I find myself on another train. This time, returning from Bristol where the ‘Engage’ conference – run by the National Co-ordinating Centre for Public Engagement (NCCPE) is being held. In a nutshell NCCPE brings together the university sector.
I was taking part in a morning workshop about what we have learnt from two decades of public engagement in health research. Each of the presenters was asked to speak for five minutes and set 2 or 3 provocative questions. Mine were as follows:
1. Should all research awards – no matter what discipline – be contingent on public involvement being a core component of the work to be done?

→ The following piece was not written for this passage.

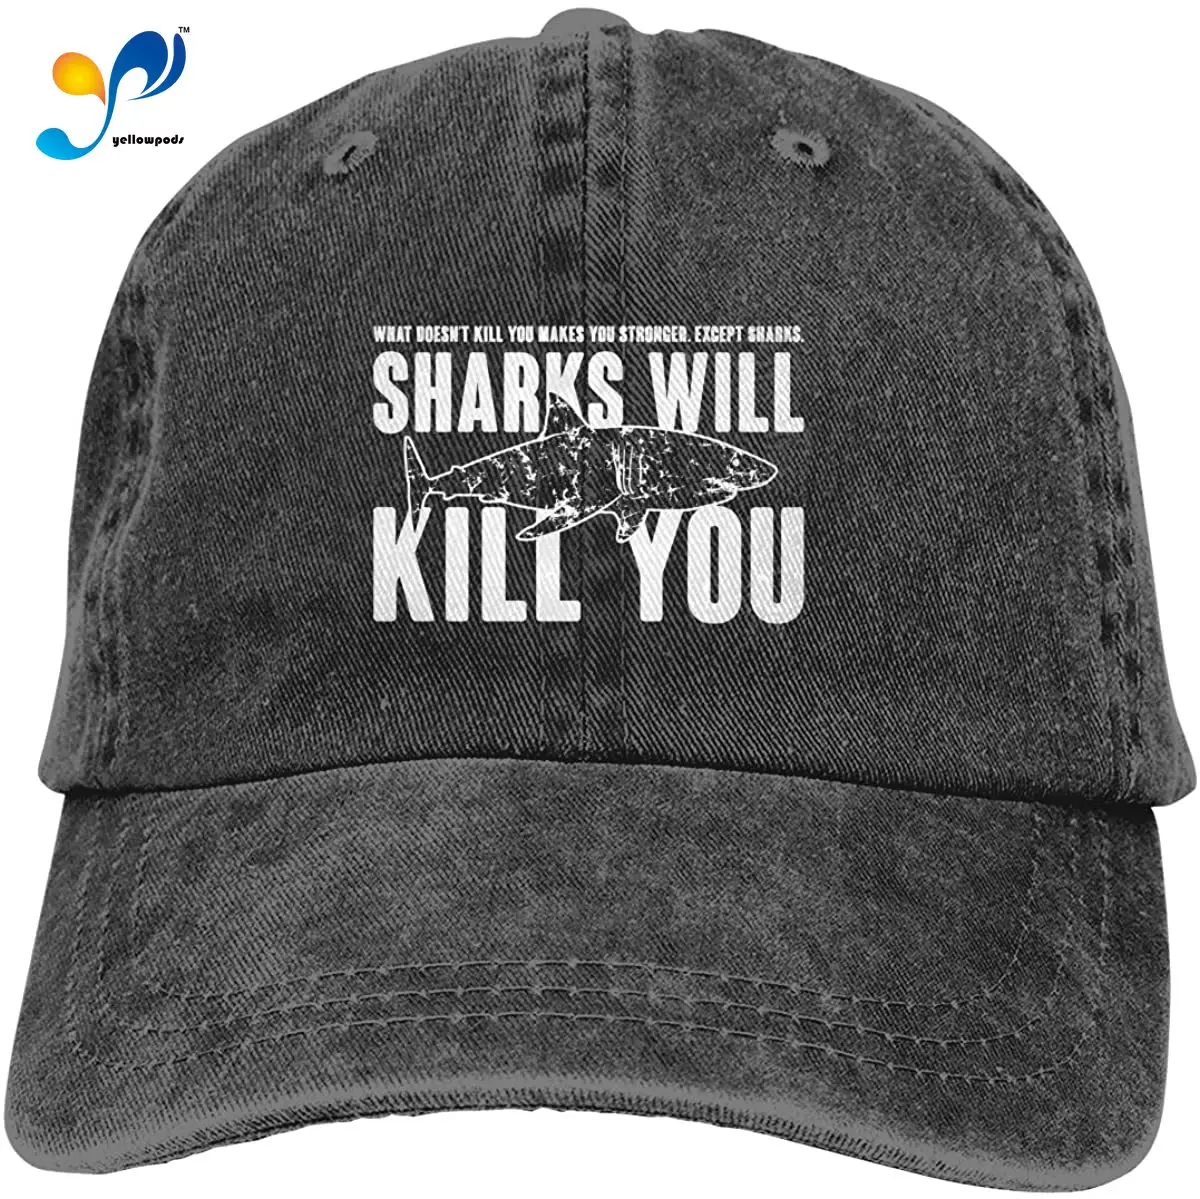 

Sharks Will Kill You Unisex Soft Casquette Cap Fashion Hat Vintage Adjustable Baseball Caps

2. Do your leaders get it? Many senior researchers talk a lot about things like encouraging science literacy. But this feels more like the language of 19th Century missionaries before departing to spread the Christian faith in Africa and not fit for our times. Is it even a realistic goal given adult literacy levels. Sorry, that’s a bit of a tangent.
3. Do we really trust the public? For arguments sake I asked people to plot where ‘public engagement’ is against the timeline for universal suffrage.

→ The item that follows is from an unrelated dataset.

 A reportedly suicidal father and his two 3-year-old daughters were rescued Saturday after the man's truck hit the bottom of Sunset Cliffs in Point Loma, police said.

The Great Reform Act of 1832 giving the vote to the urban middle-classes?
The Second or Third Reform Acts of 1867 or 1884 extending the vote to the urban male working class and then rural male working class respectively.
The Representation of the People Act in 1918 giving the vote to men over 21 and women over 30.
Or 1928 when all those over 21 received the vote or even 1969 when it was finally extended to 18 year olds.
I suggested that perhaps we had only just passed 1832 with public engagement a predominantly middle-class activity in terms of the doers and ‘done to.’ And some years of mass participation. But you may wish to differ.
If none of that seems controversial I apologise for failing you. But i hope that I have reminded you of some key dates in history at the very least.
1642 – The Putney Debates: “It is not that the voice should necessarily have power but that it should be heard.”